[Data items]
Content starts
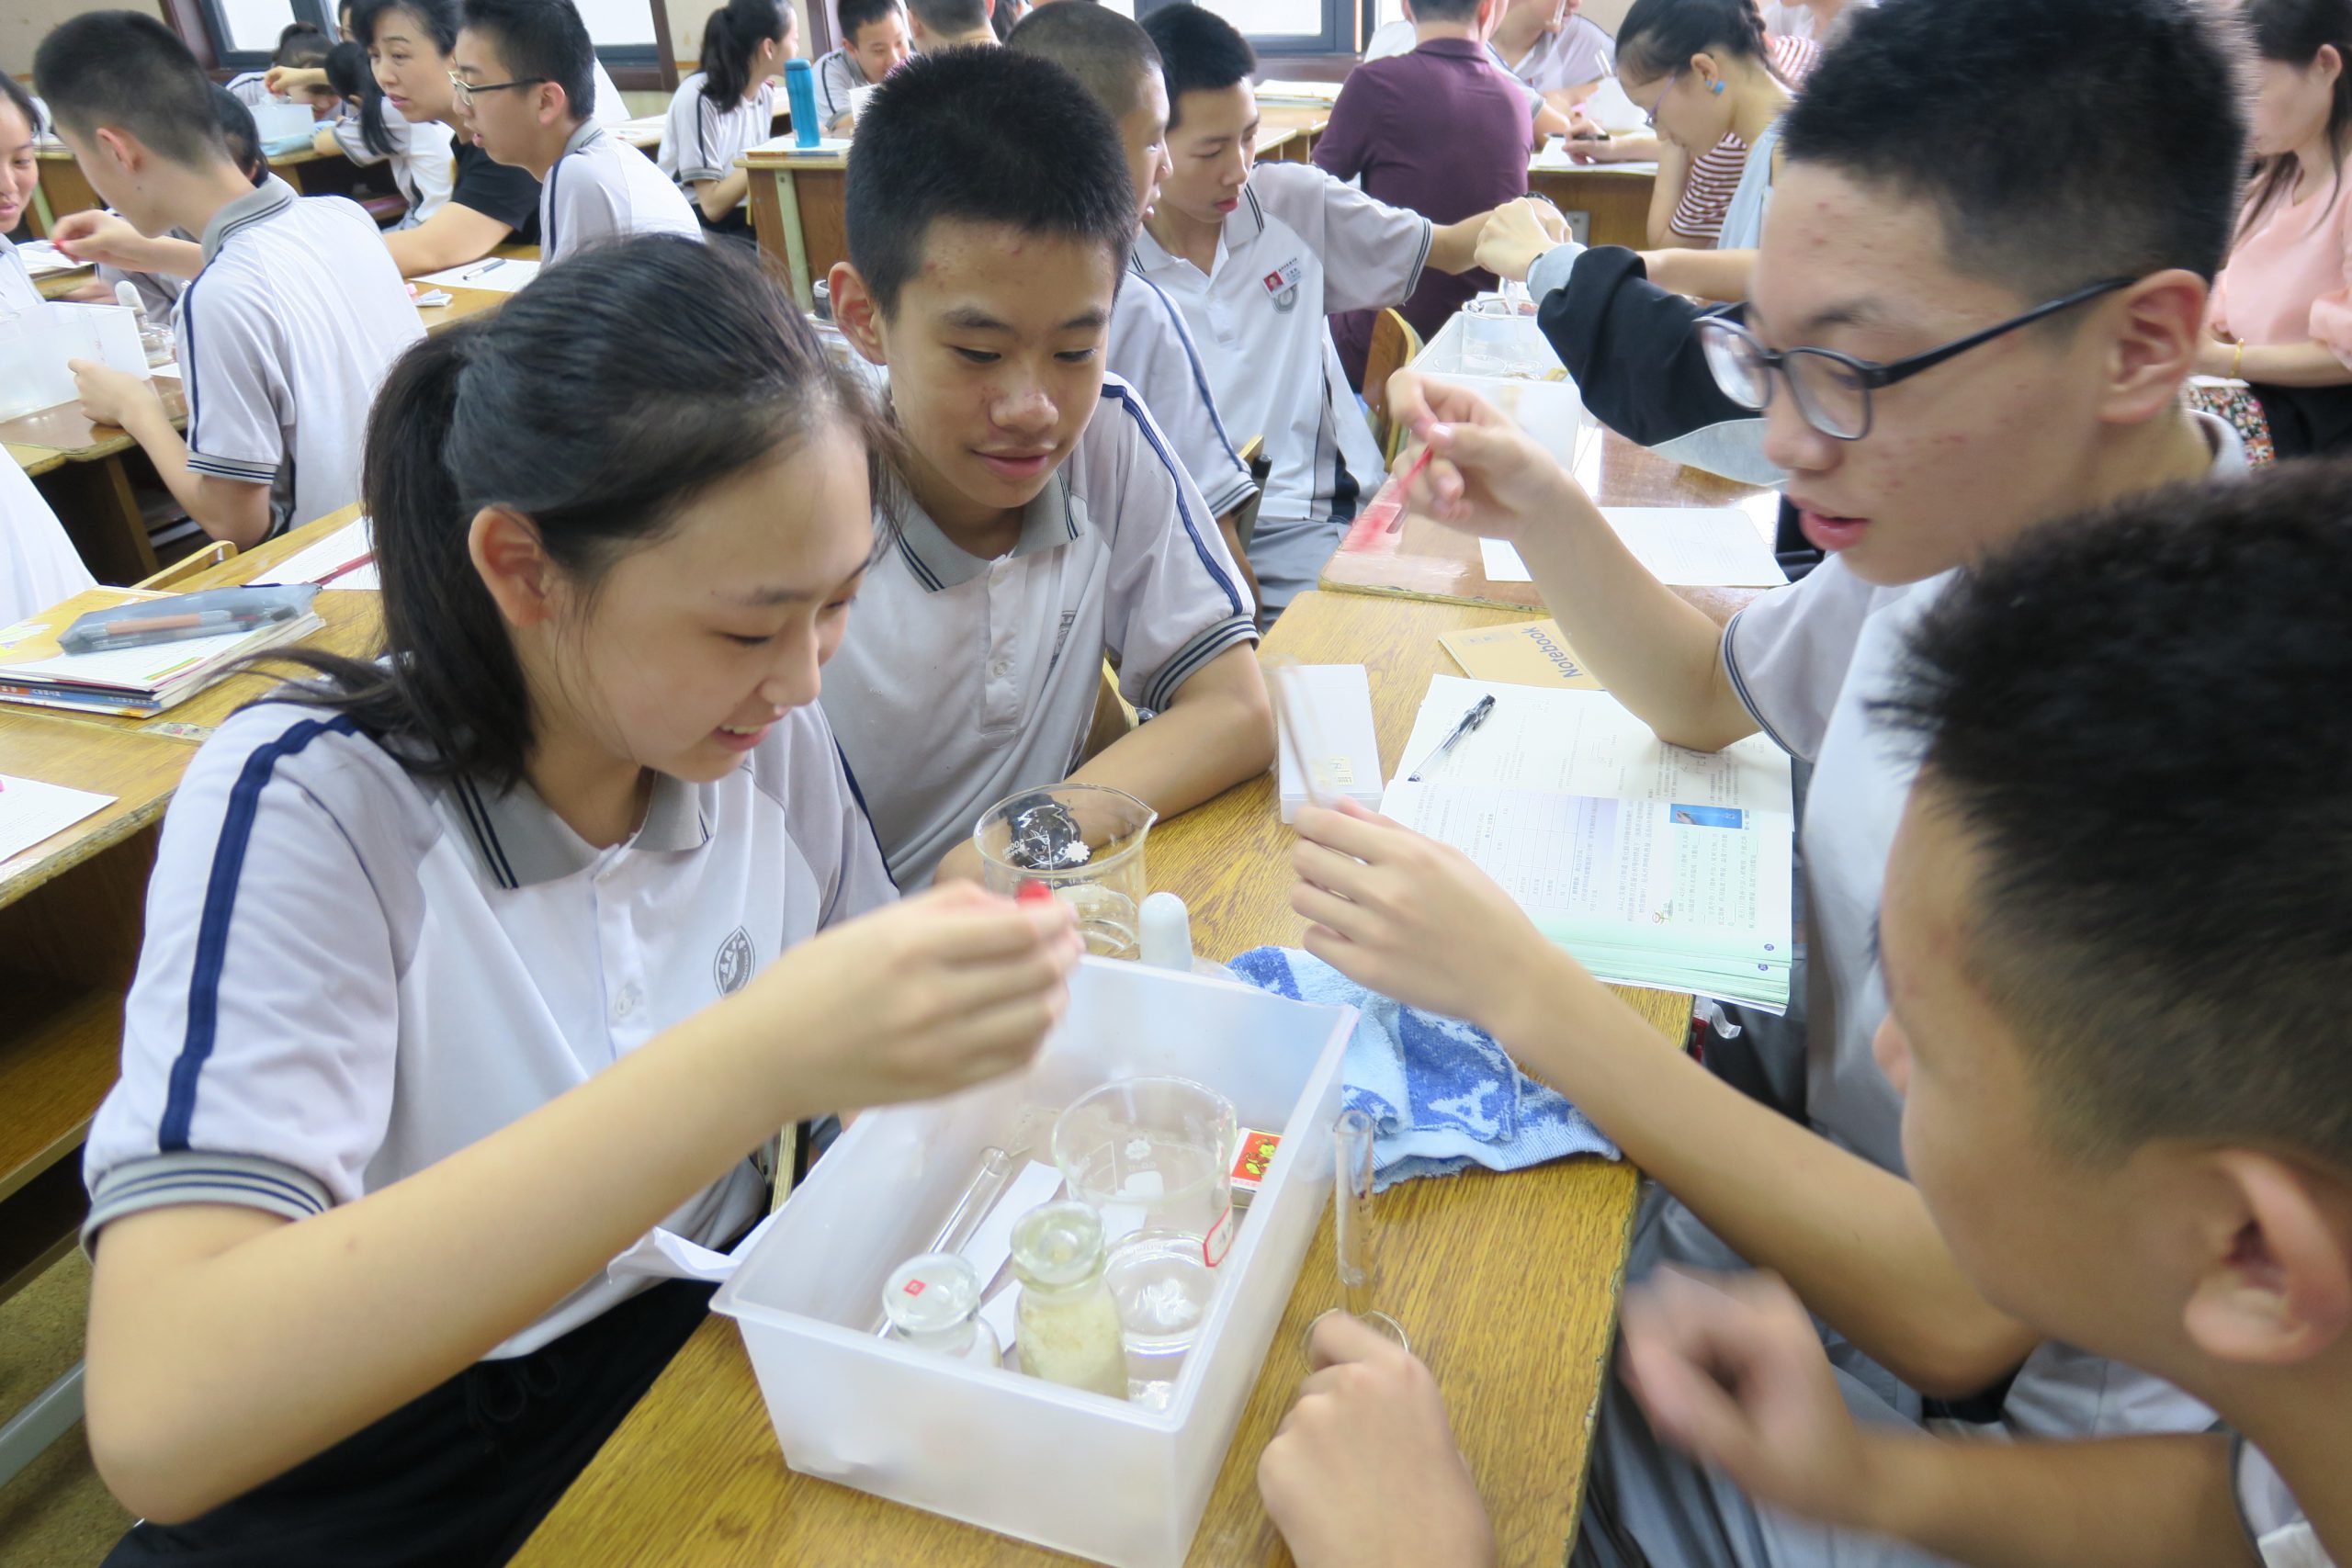 [STEM Education] 科学提升部首次中小学生科学素养提升合作校调研圆满结束<br> The first round of partner schools’ visit for project of improving scientific literacy for all students插图4
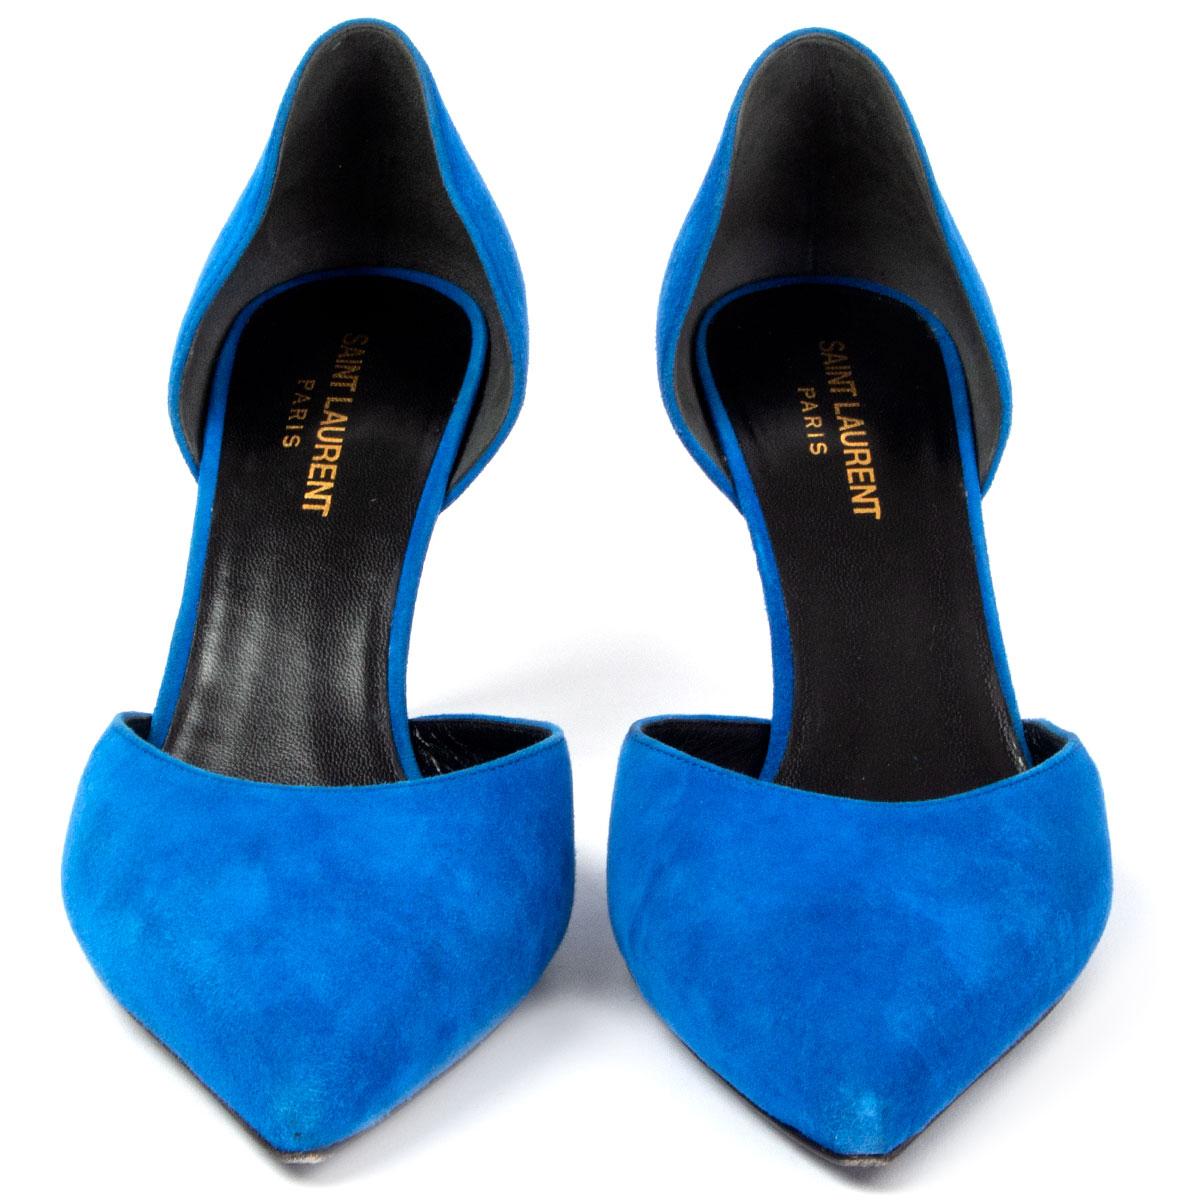 100% authentic Saint Laurent D'Orsay pointed-toe pumps in blue suede. Have been worn and are in excellent condition. Come with dust bag. 

Imprinted Size	40
Shoe Size	40
Inside Sole	26cm (10.1in)
Width	8cm (3.1in)
Heel	8cm (3.1in)

All our listings
Content ends
▶ Action item
Restate the records above in full and word for word, but do not carry over any pictures.

▶ Answer for the task
 [STEM Education] 科学提升部首次中小学生科学素养提升合作校调研圆满结束<br> The first round of partner schools’ visit for project of improving scientific literacy for all students插图4
 100% authentic Saint Laurent D'Orsay pointed-toe pumps in blue suede. Have been worn and are in excellent condition. Come with dust bag. 

Imprinted Size	40
Shoe Size	40
Inside Sole	26cm (10.1in)
Width	8cm (3.1in)
Heel	8cm (3.1in)

All our listings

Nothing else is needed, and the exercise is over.